What is the correct stored value for umlaut "ü" in Perl?
I would like to directly deliver UTF-8 websites using Perl. I ran into several encoding issues because the original data is not fully stored in UTF-8. Due to debugging session for encoding issues, I found two different representations for German umlaut ü
. Which one is the correct stored value with Perl?
-
\xFC
which is the Unicode positionU+00FC
forü
-
0xC3 0xBC
which is the UTF-8 hexadecimal representation forü
If there is no difference, why does Perl store umlauts in different representations and not store them in either Unicode position or UTF-8 hexadecimal representation.

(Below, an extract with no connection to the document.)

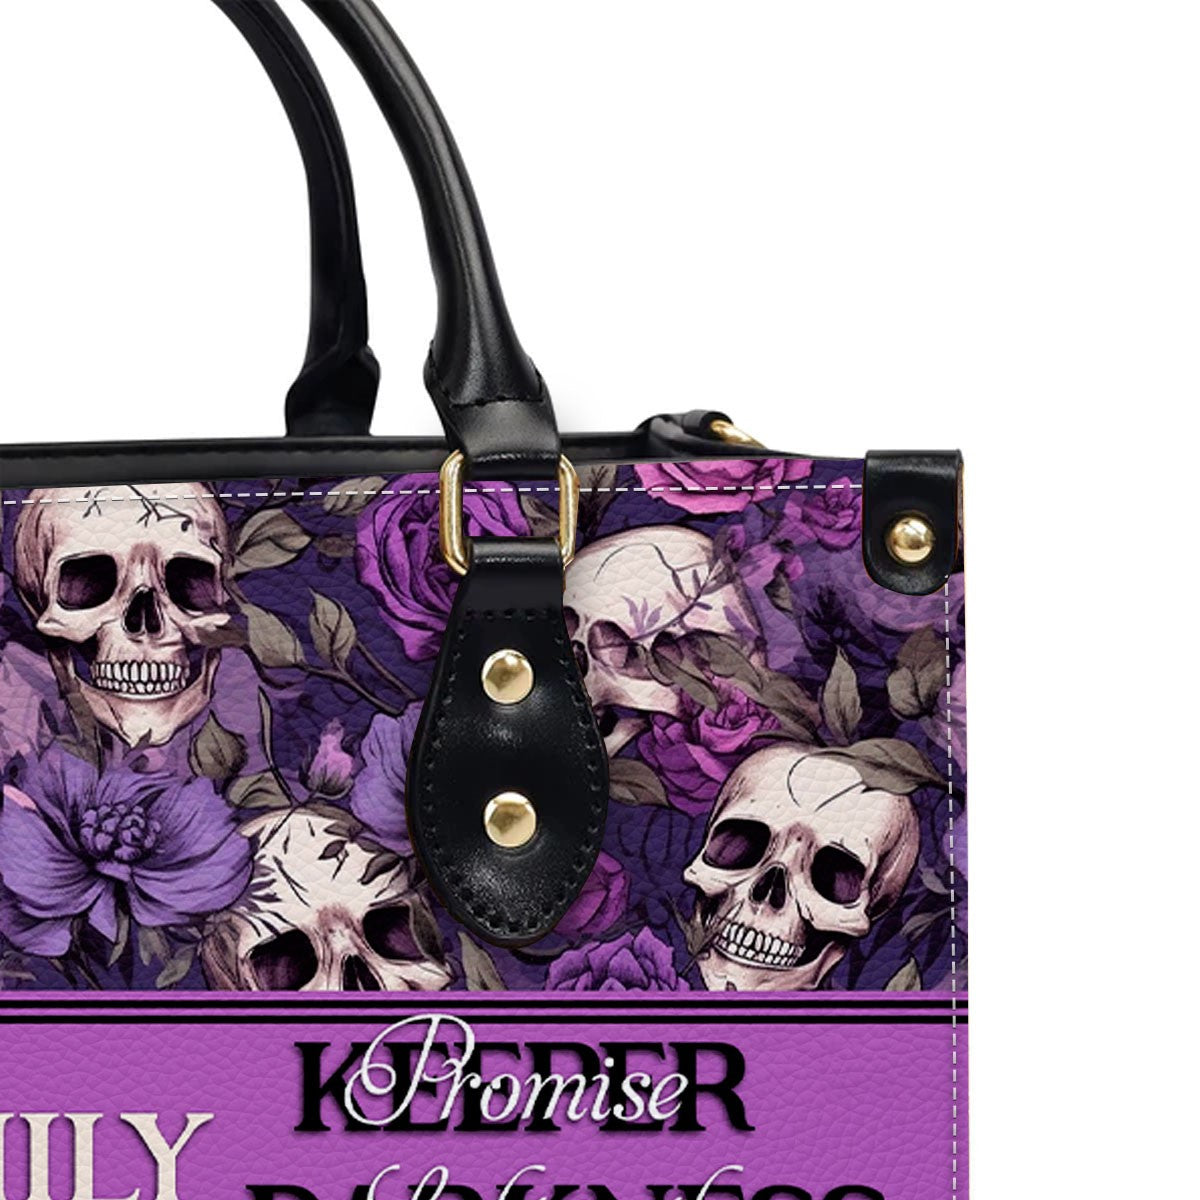 CHRISTIANARTBAG: Personalized Handbags for Women | Custom Leather Bags

Link to Unicode / UTF-8 character table
Use Encoding :: FixLatin fix_latin
.
$ perl -MEncoding::FixLatin=fix_latin -MEncode=encode_utf8 \
-E'say sprintf "%v02X", encode_utf8(fix_latin("\xFC\xC3\xBC"))'
C3.BC.C3.BC
Internally, it's better to work with Unicode. Decoding inputs, coding outputs. You probably have a connection forgetting to encode the output.
There are no "correct" ones, they represent different views. Generally speaking, it would be better to stick with Unicode and print it as UTF-8, but the major complication is knowing exactly what you have at each stage of processing; if you can use UTF-8 reliably all over the place, it might be easier in your case.
Both are correct. It depends on your intentions.
\xFC
is a regular form of a Unicode text string that contains the ü character. This is usually the form in which you process a line of text in your application.
0xC3 0xBC
is the correct form of a byte string that encodes the ü character to UTF-8. This is usually the form in which you receive or transmit UTF-8 bytes from or to some external object, such as a network socket or a disk file descriptor.